In order to qualify under the "no purchase necessary" rules, you can _also_ enter by sending in an essay of at least 250 words (English or French should qualify) about why you like VIA Preference. It's not clear whether spending money on VIA will count for up to 5 entries _and_ spending will get up to 5 entries (for a total of 10); it's pretty clear that VIA isn't expecting people to bother with the essay route (trying to determine whether entries need to be hand-written versus typed is also a fun question, since it says "no copies"). Also not clear is whether money spent now for travel outside the period in question will count.

The other thing that showed up curiously, on the Preference website, was the following redemption option on my landing page:



> 2,500
> Points


France - Generic
One-way - Economy

It doesn't show up elsewhere and there's nothing mentioned on the site anywhere I can find, but it looks like VIA _might_ have returned to offering TGV tickets as a redemption choice.

Finally, an interesting note from the contest T&C is that VIA values their points at $0.08/point (Canadian, of course).


----------



## SubwayNut (Oct 4, 2015)

Anderson I'm not seeing anything about that. 

I also just logged into my VIA Preference Account (took me awhile to remember the number) and noticed that points from a Canadian Trip I took last April, partially paid for via a travel voucher given to me when the Ocean's HEP gave out in Truro, Nova Sscotia (I assume it's too late to follow-up) never posted. I guess this travel voucher made the whole intinerary invalidated for points, or was my number missing.


----------



## Anderson (Oct 4, 2015)

(What aren't you seeing? The raffle offer or the France bit?
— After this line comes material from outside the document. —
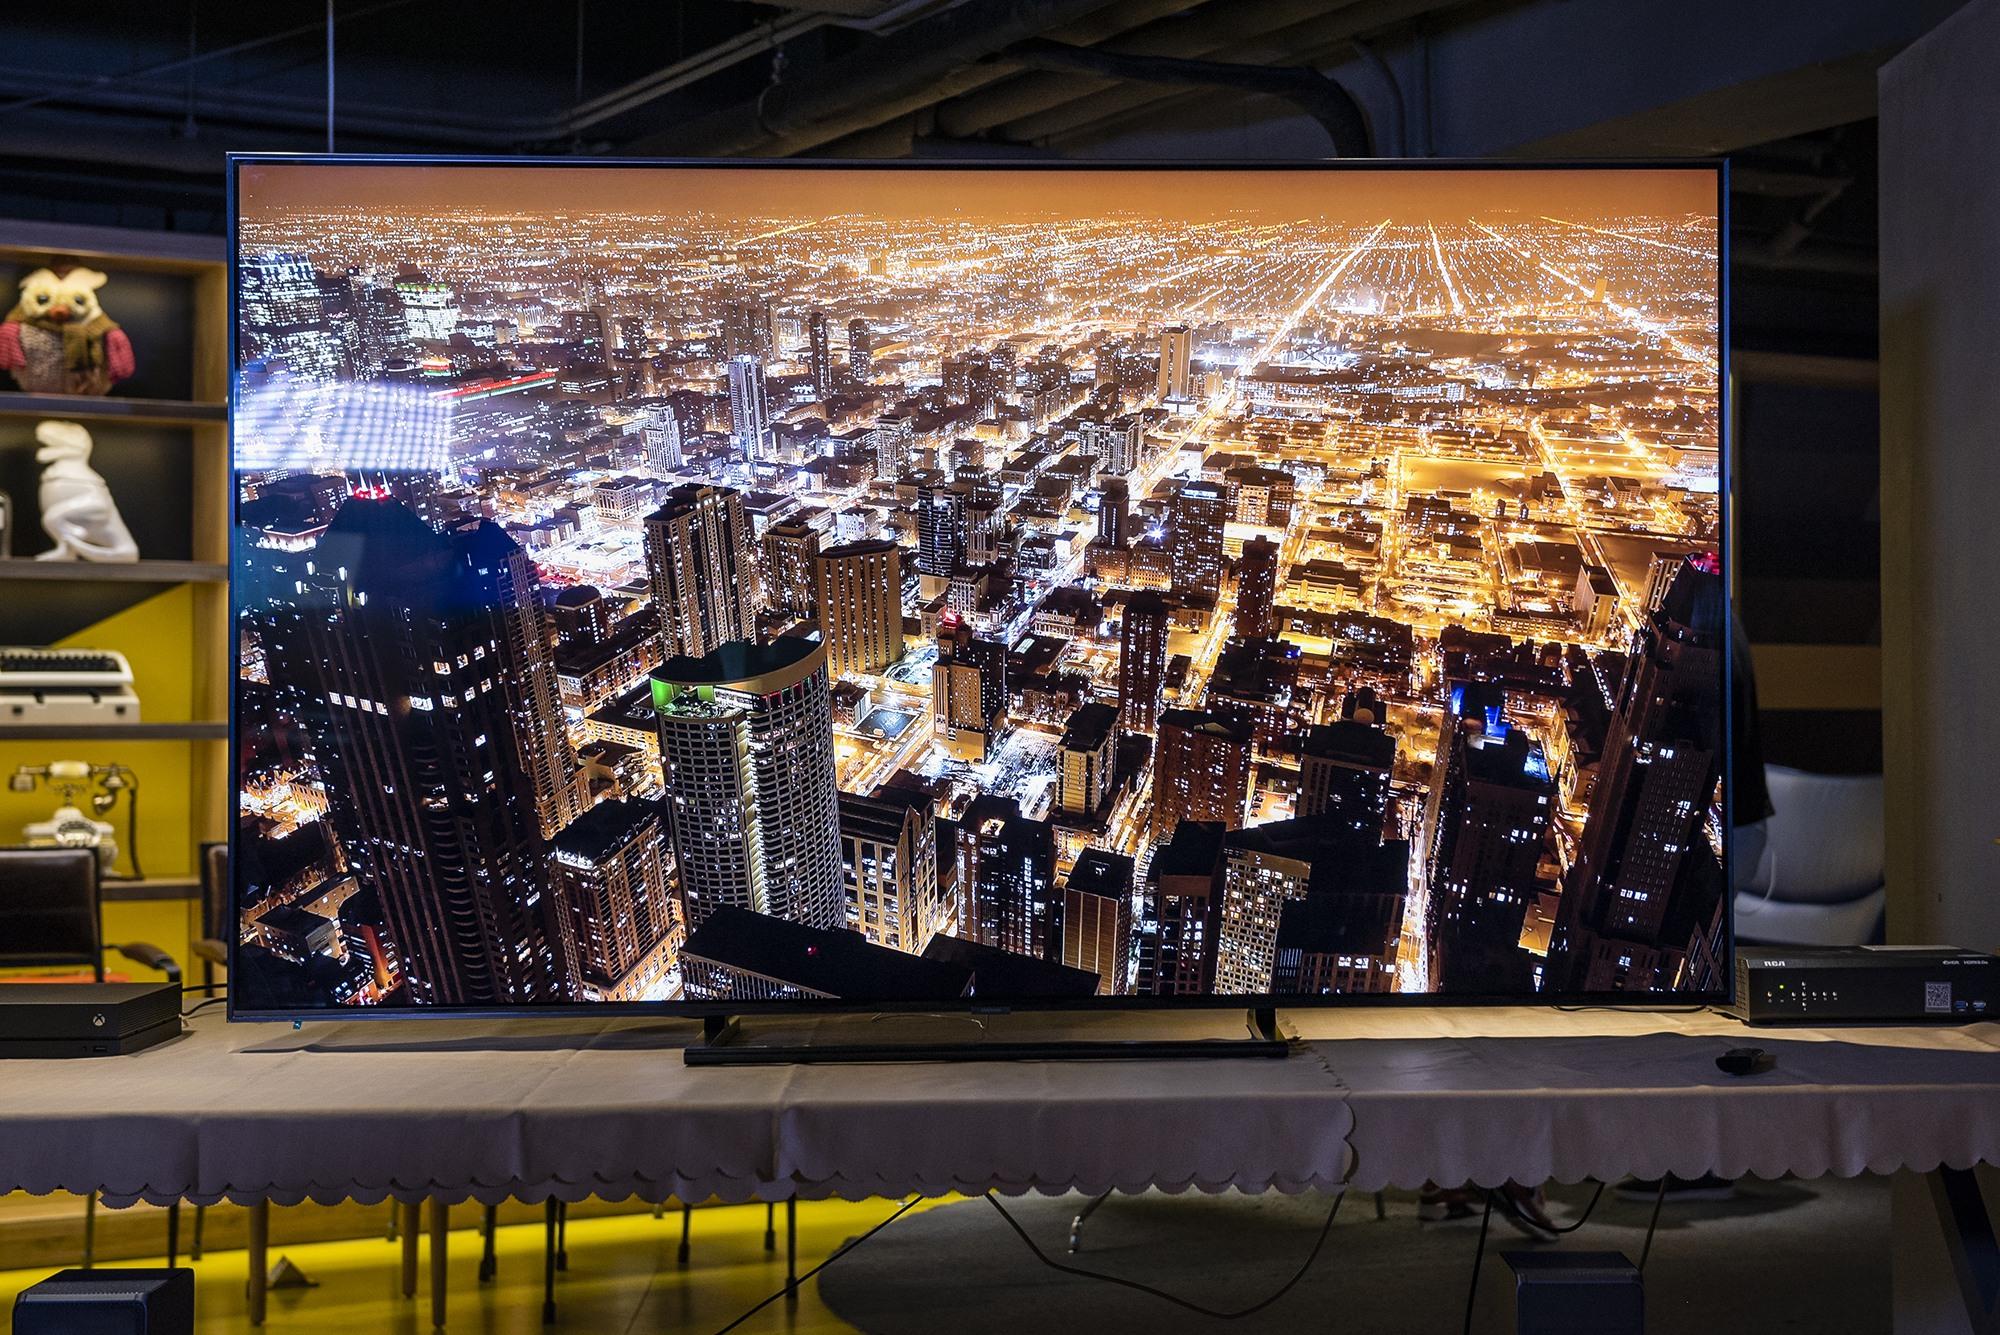 像极了壁画!超窄边框,画质惊艳——三星电视Q9F体验
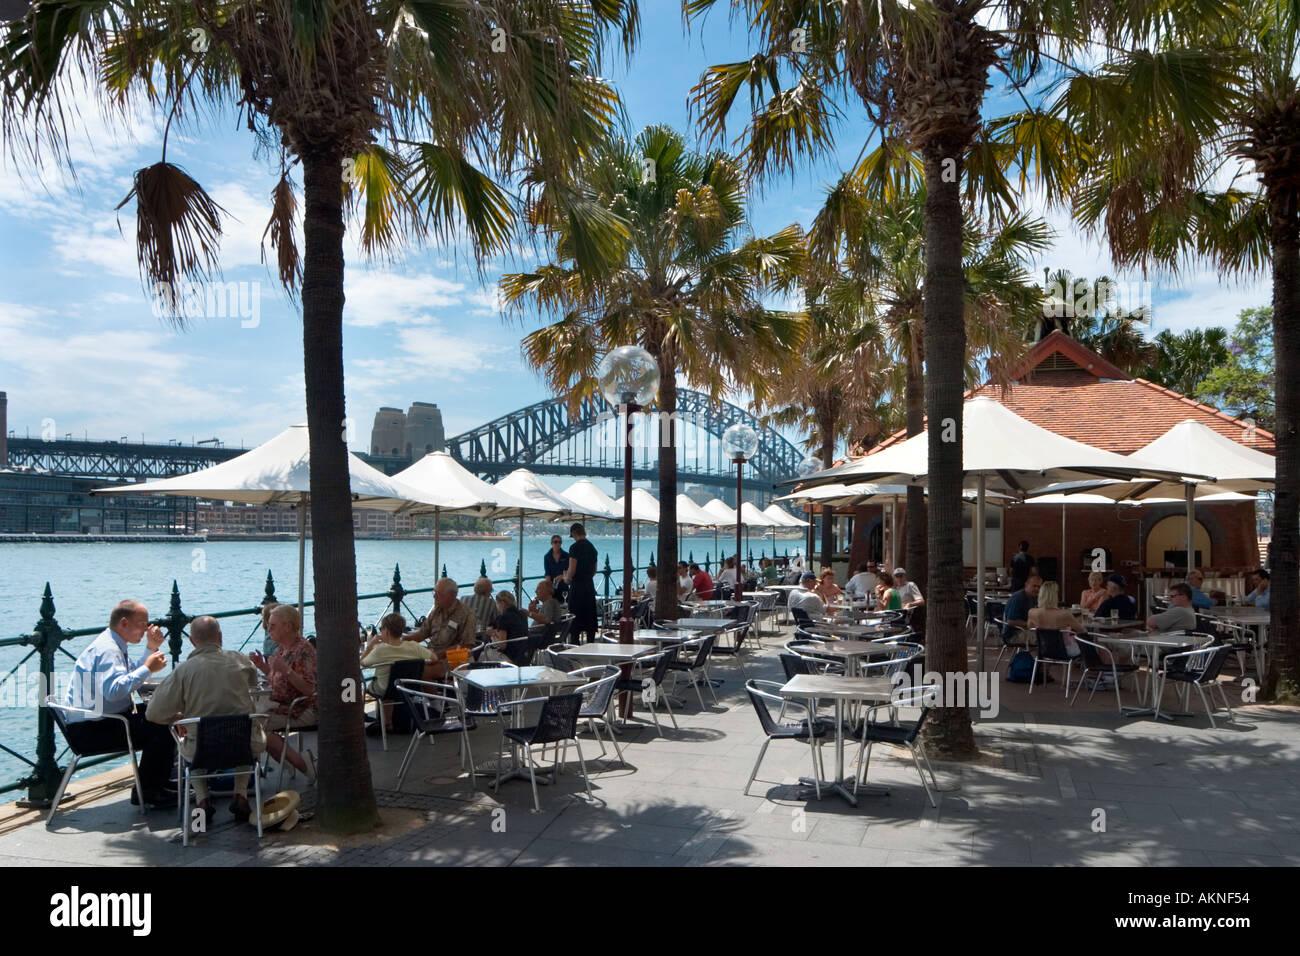 Cafe de la chaussée à Circular Quay avec le Harbour Bridge derrière, Sydney, New South Wales, Australia Photo Stock

I'm going to call on the raffle...and incidentally ask on the "write in to enter" bit as well).


----------



## SubwayNut (Oct 4, 2015)

Didn't specify just seeing the raffle.

Seeing nothing about writing in as a way to enter.


----------



## Anderson (Oct 4, 2015)

SubwayNut said:


> Didn't specify just seeing the raffle.
> 
> Seeing nothing about writing in as a way to enter.


Check paragraph 4 of the T&C.


----------